[Material shown — start]
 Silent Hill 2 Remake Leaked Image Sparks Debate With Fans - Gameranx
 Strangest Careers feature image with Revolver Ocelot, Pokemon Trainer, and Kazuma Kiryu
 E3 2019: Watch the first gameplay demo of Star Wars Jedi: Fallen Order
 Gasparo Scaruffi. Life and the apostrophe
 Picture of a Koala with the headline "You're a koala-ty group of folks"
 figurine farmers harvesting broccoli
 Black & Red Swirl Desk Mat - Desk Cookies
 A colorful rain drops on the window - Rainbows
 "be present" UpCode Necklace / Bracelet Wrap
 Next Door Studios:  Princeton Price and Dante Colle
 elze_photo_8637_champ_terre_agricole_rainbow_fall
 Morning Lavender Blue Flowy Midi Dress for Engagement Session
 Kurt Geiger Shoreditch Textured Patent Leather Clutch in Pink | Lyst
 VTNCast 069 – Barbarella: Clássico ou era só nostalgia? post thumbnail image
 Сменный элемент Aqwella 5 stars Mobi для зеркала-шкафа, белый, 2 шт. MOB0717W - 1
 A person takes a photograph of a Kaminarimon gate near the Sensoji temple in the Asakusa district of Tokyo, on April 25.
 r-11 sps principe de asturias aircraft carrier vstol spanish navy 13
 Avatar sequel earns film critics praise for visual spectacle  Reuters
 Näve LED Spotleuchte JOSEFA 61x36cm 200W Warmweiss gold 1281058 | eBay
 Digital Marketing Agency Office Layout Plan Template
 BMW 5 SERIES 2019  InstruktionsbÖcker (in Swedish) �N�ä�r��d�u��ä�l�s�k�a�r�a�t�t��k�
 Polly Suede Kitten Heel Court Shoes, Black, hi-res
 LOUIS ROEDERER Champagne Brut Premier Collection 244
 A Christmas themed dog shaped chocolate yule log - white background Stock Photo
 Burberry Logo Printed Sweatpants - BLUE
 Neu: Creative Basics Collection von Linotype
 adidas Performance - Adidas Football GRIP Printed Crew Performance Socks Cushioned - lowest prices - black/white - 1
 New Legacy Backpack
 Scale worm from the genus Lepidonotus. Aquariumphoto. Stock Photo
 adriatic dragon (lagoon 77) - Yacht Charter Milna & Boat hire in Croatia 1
[Material shown — finish]
• **Your objective**: Where the string "Stock" appears in a line of the entries above, return that line.

• **Solution to this problem**:
 A Christmas themed dog shaped chocolate yule log - white background Stock Photo
 Scale worm from the genus Lepidonotus. Aquariumphoto. Stock Photo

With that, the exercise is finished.